Generally it's easy to show that if $\,2\nmid f(x)\not\in\mathbb Z\,$ then the number of ways to define parity in the ring $\ \mathbb Z[w] \cong \mathbb Z[x]/f(x)\ $ is given by the number of roots of $\, f(x)\, $ modulo $2.\, $ For suppose that there exists a homomorphism $\ h\, :\, \mathbb Z[w]\to \mathbb Z/2.\,$ Then $\,w\,$ must map to a root of $\,f(x)\,$ in $\ \mathbb Z/2.\,$ Thus if $\, f(0)\equiv 0\pmod{\!2}\, $ then $\, \mathbb Z[w]/(2,w) \cong \mathbb Z[x]/(2,x,f(x)) \cong \mathbb Z/2\ $ by $\, x\mid f(x)\pmod{\!2},\,$ and if $\, f(1)\equiv 0\pmod{\!2}\ $ then $\, \mathbb Z[w]/(2,w\!-\!1) \cong \mathbb Z/2\ $ by $\, x\!-\!1\mid f(x)\pmod{\!2}. $

Let's consider some simple examples. Note $\ x^2+1\ $ has the unique root $\ x\equiv 1\pmod{\!2},\,$ so the Gaussian integers $\ \mathbb Z[i]\cong \mathbb Z[x]/(x^2+1)\ $ have a unique definition of parity - with $\,i\,$ being odd. Since $\ x^2+x+1\ $ has no roots modulo $\, 2,\, $ there is no way to define parity for the Eisenstein integers $\ \mathbb Z[w] \cong \mathbb Z[x]/(x^2+x+1).\, $ Indeed since $\ w^3 = 1\ $ we infer that $\, w \equiv 1\pmod{\!2}\, $ contra $\ w^2+w+1 = 0.\, $ Otoh $\ \mathbb Z[w] \cong \mathbb Z[x]/(x^2+x+2)\ $ has $2$ parity structures since both $\,0\,$ and $\,1\,$ are roots of $\ x^2 + x + 2\ $ modul0 $\,2,\,$ so we can define $\,w\,$ to be either even or odd. A simple application is in this post where we use parity in the ring $\,\mathbb Z[\sqrt{5}]\,$ to prove that the integer $\,(9+4\sqrt{5})^n + (9-4\sqrt{5})^n\,$ is even.

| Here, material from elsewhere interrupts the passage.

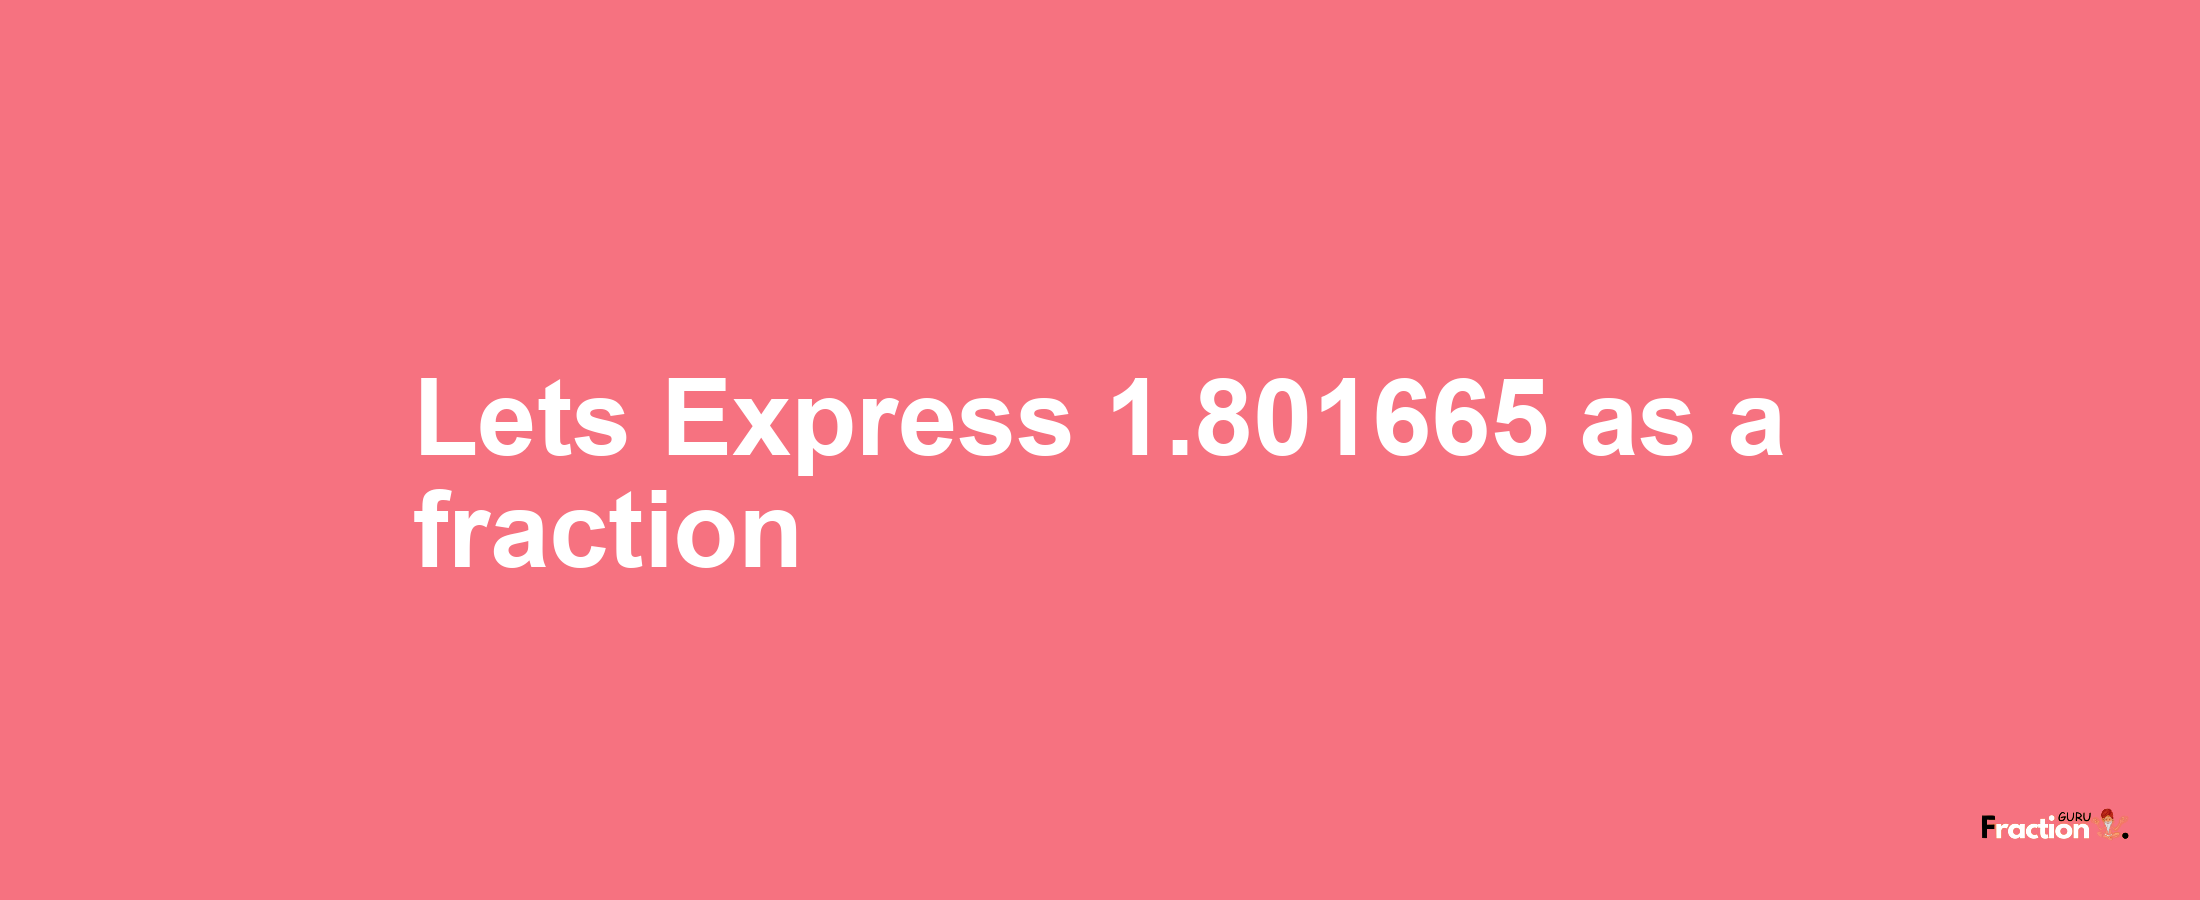 Lets Express 1.801665 as afraction

Any parity argument that's truly ring-theoretic will generalize to any ring $\,R\,$ with parity, e.g.

Parity Root Test $\ $ Suppose that $\,f(x)\,$ is a polynomial with coefficients in a ring $\,R\,$ with parity. Then $\,f(x)\,$ has no roots in $\,R\,$ if $\,f(x)\,$ has constant coefficient and coefficient sum both being odd. Further, $\,f(x)\,$ has no roots in the fraction field of $\,R\,$ if $\,R\,$ is a domain and the leading coefficient of $\,f(x)\,$ is odd, and $\,0\,$ is the only element of $\,R\,$ that is divisible by arbitrarily large powers of $\,2.$

Proof $\ $ The test simply verifies $\ f(0)\equiv f(1)\equiv 1\pmod{\!2}\ $ i.e. $\, f(x)\,$ has no roots $\bmod 2.\, $ Therefore $\,f(x)\,$ has no roots in $\,R.\,$ For the fractional case, by the hypothesis, we may cancel powers from a fraction $\,a/b\,$ until $\,a,b\,$ are not both even. If $\,b\,$ is odd then $\,a/b\equiv a\pmod{\!2}\,$ would be a root, so $\,b\,$ is even and $\,a\,$ is odd. Then $\,0 = b^n\,f(a/b) = f_n a^n + b\,(\cdots) \equiv 1\pmod{\!2},\,$ a contradiction, since the leading coefficient $\,f_n\,$ and $\,a\,$ are both odd and $\,b\,$ is even.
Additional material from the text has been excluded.